_Exercise instructions_.
Only the lines from the "Set of beer bottle illustrations" line through the last line of the material below belong in the answer, reproduced exactly and with no pictures.

_Dataset content_.
'''

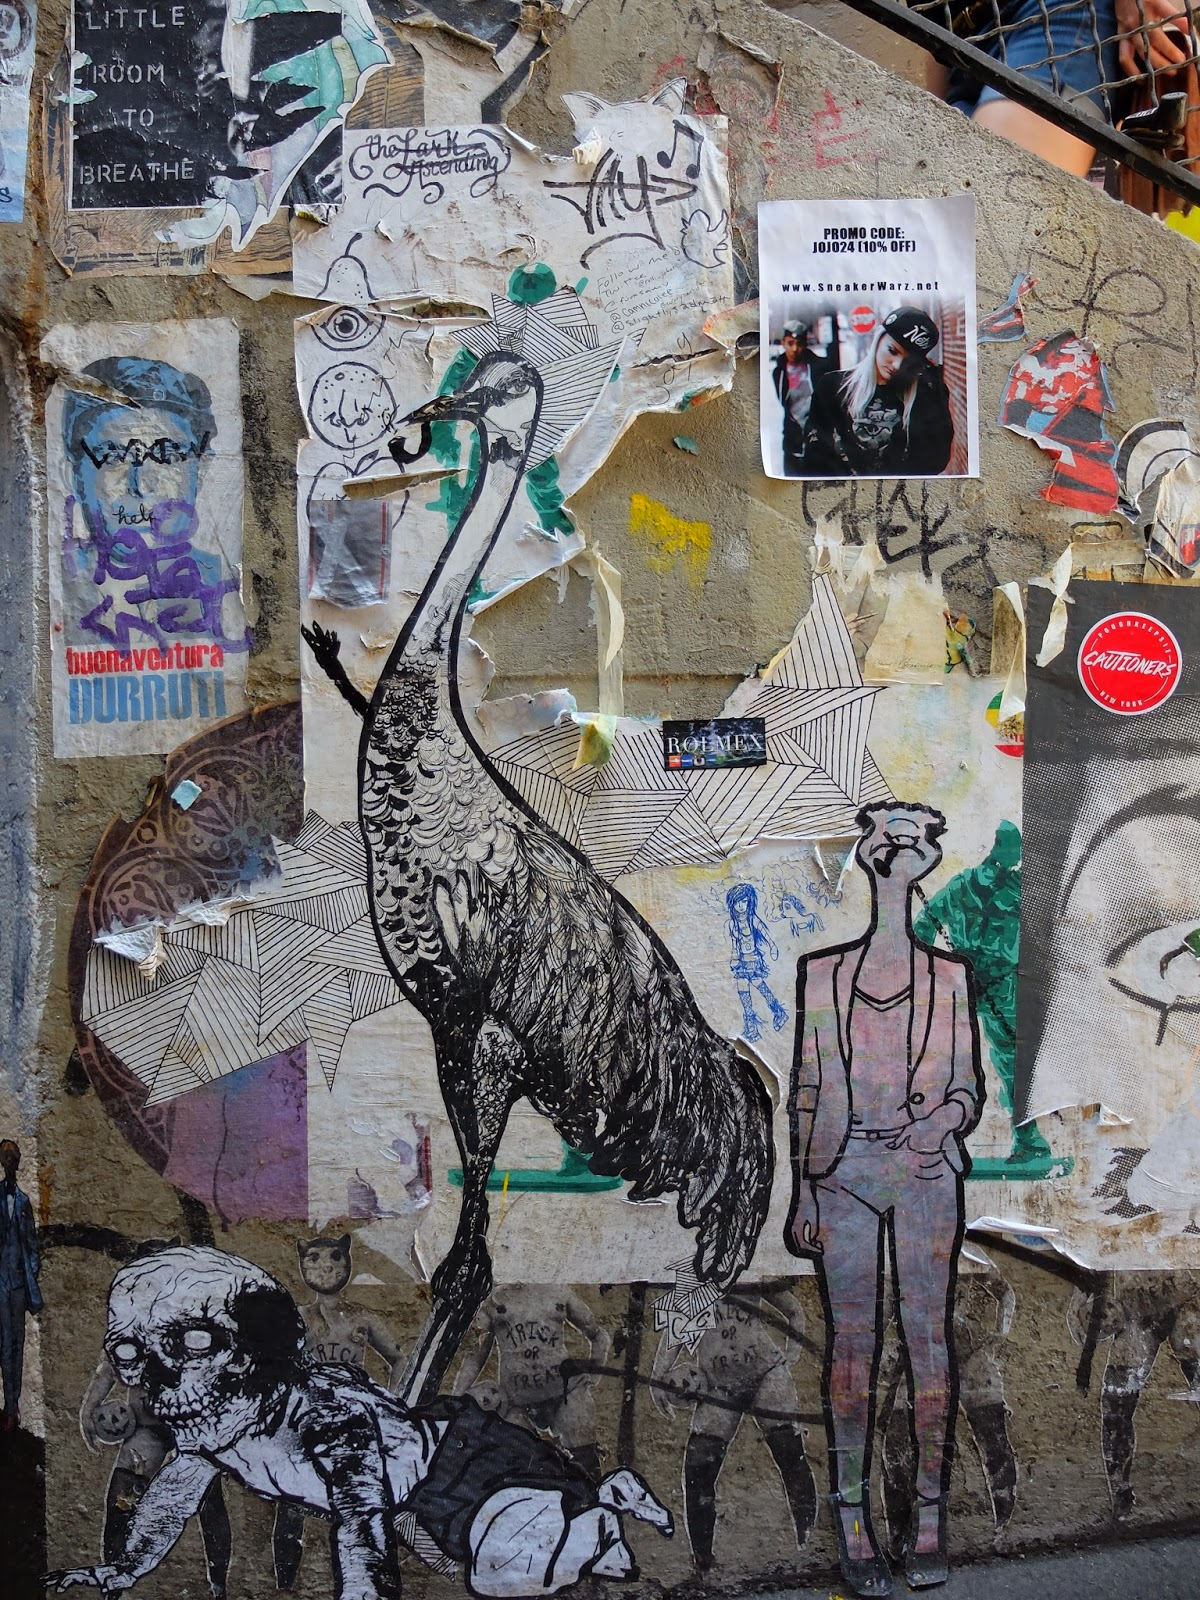 Post Graffiti Travelmarx Post Alley  Pike Place Hillclimb  Paste Ups And Graffiti
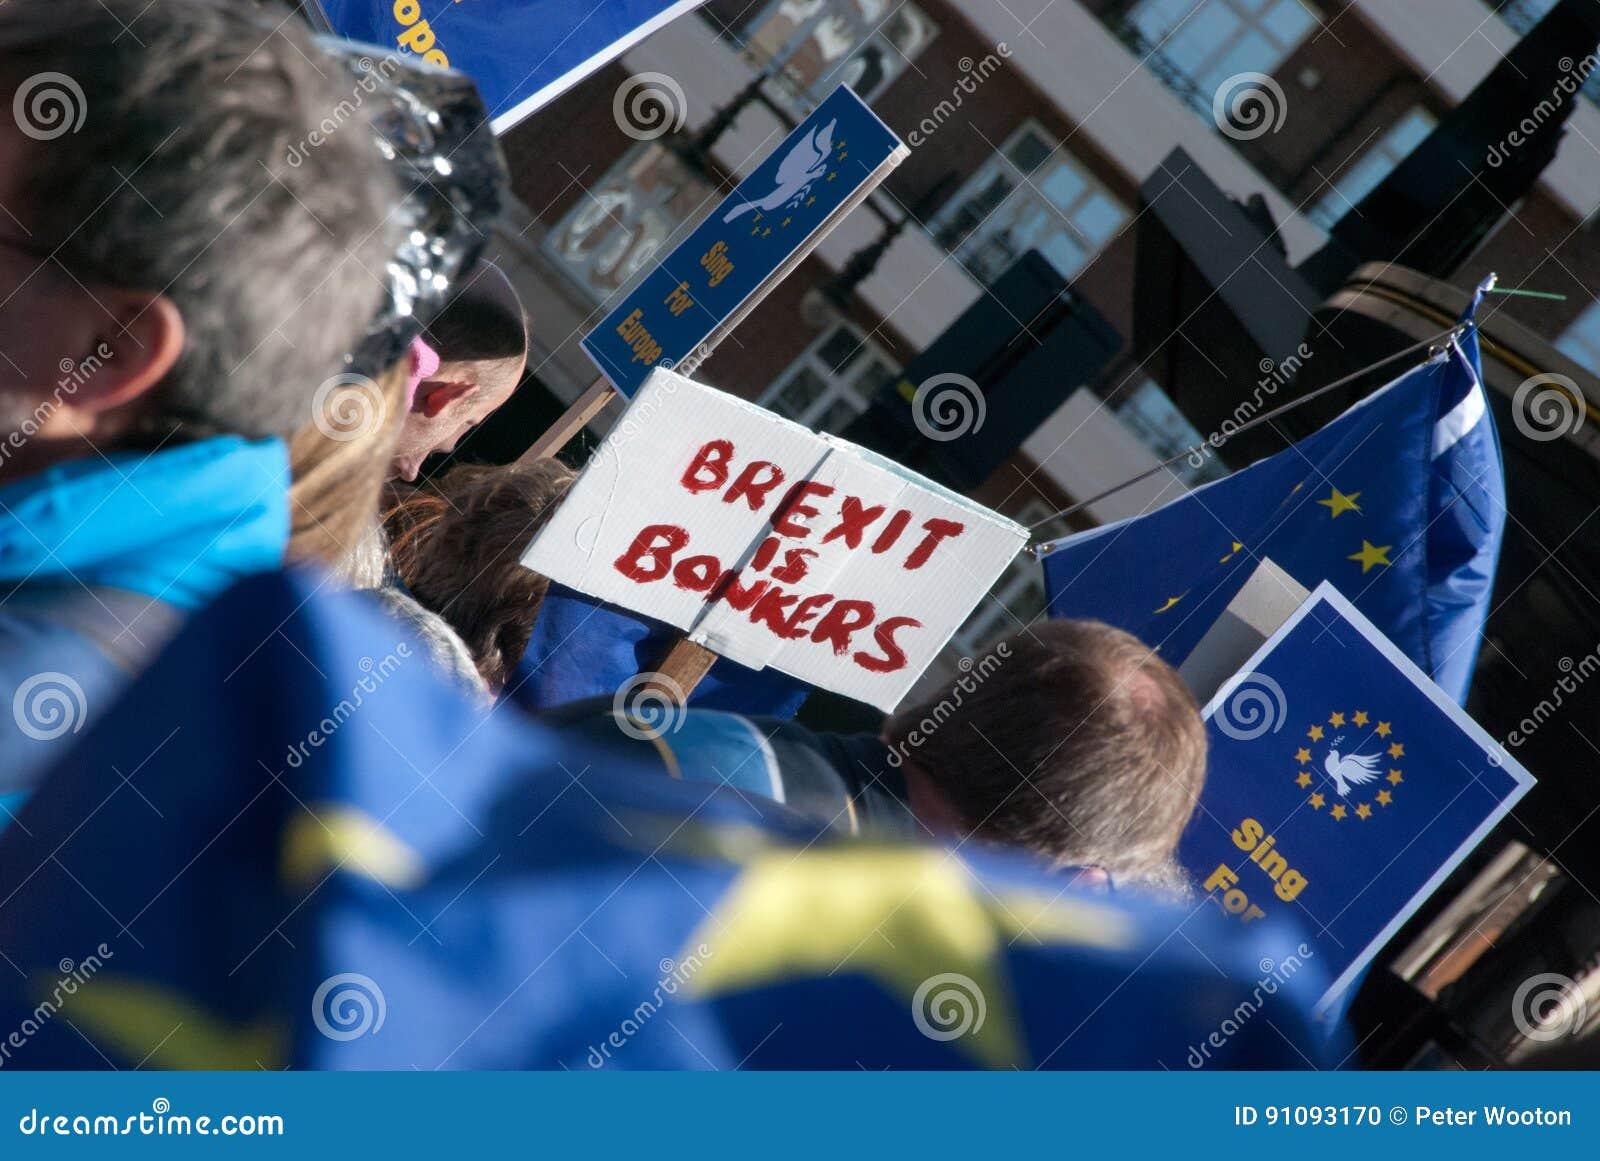 Protesta anti-Brexit con las banderas y el cartel
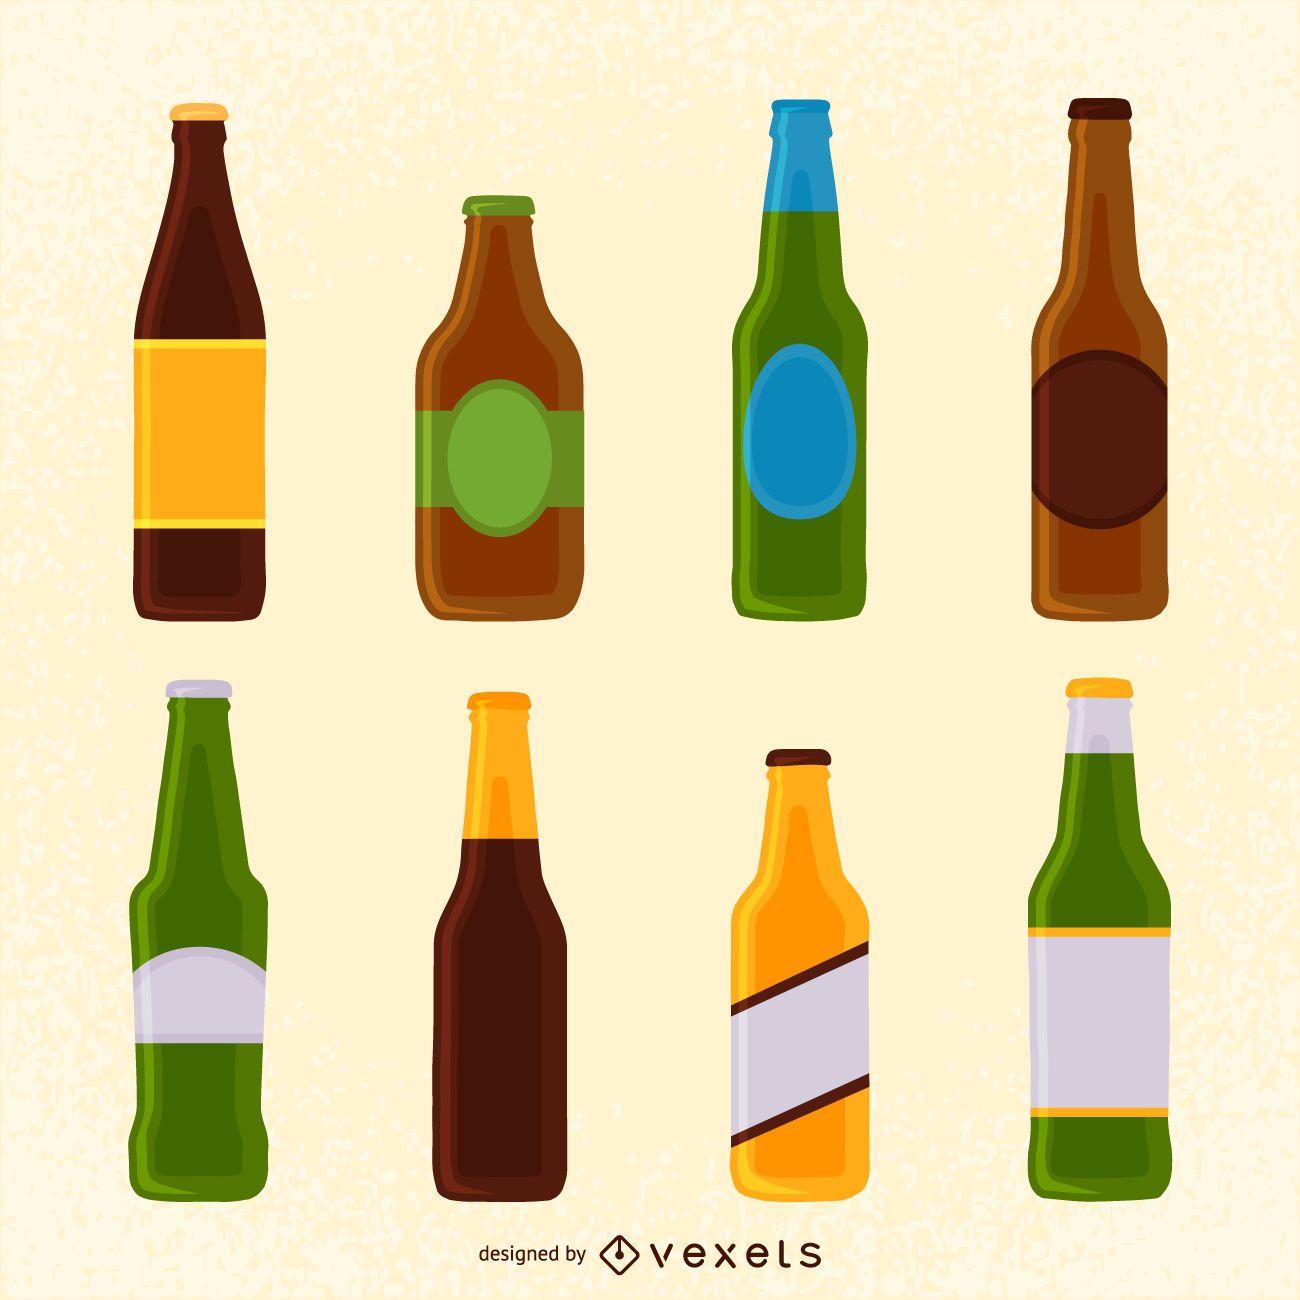 Set of beer bottle illustrations
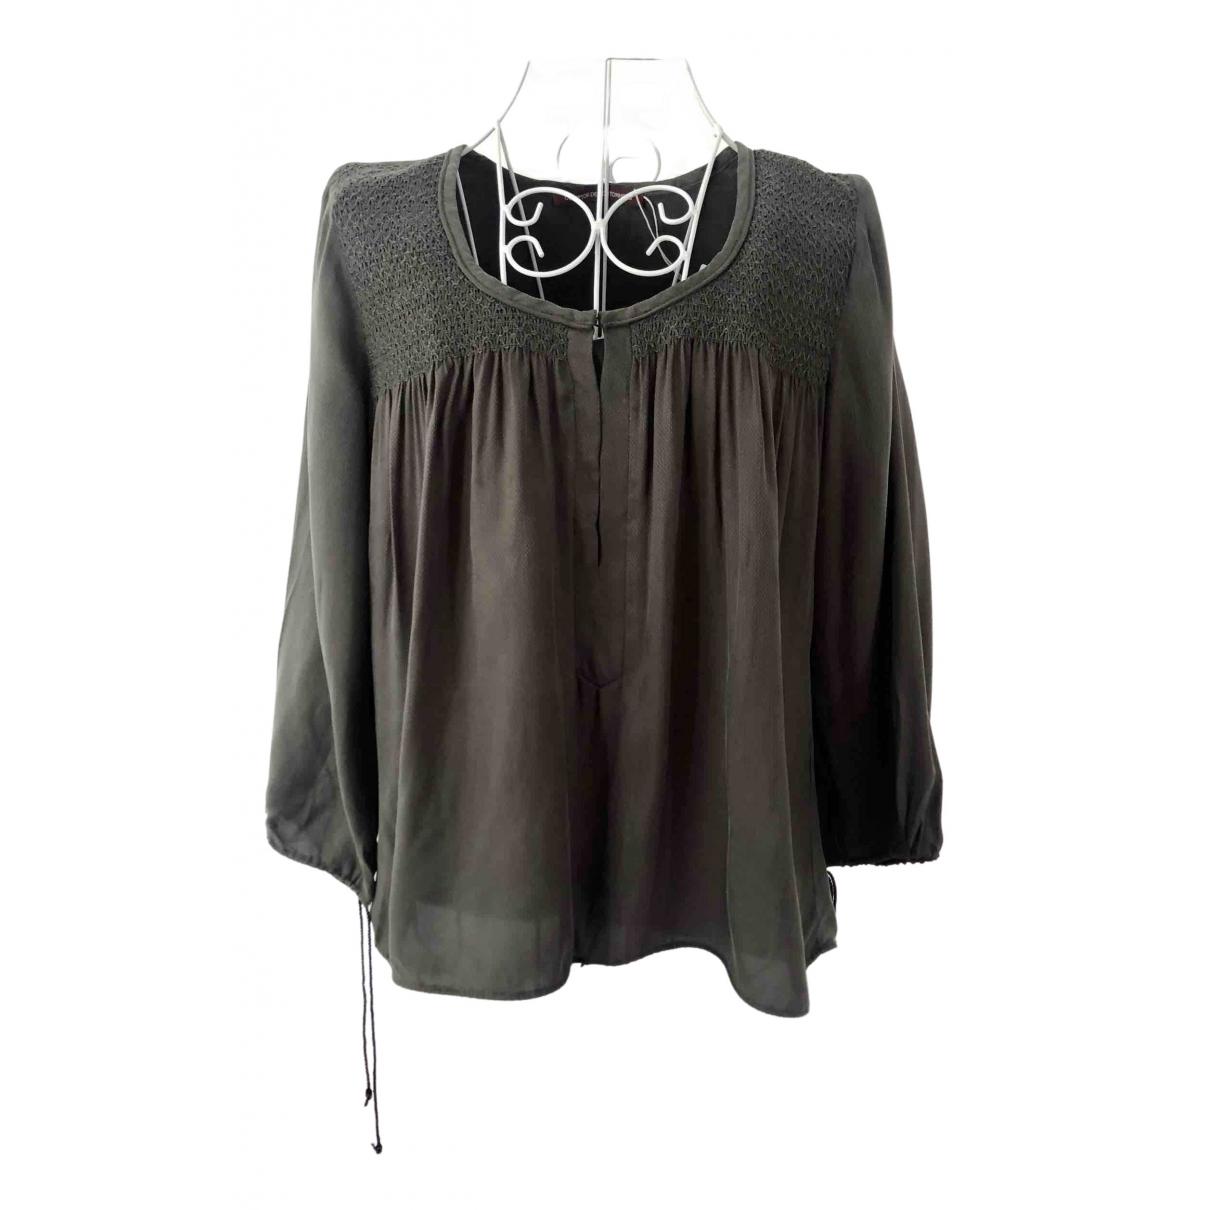 Comptoir Des Cotonniers \N Khaki  top for Women 34 FR

'''

_Exercise solution_.
 Set of beer bottle illustrations
 Comptoir Des Cotonniers \N Khaki  top for Women 34 FR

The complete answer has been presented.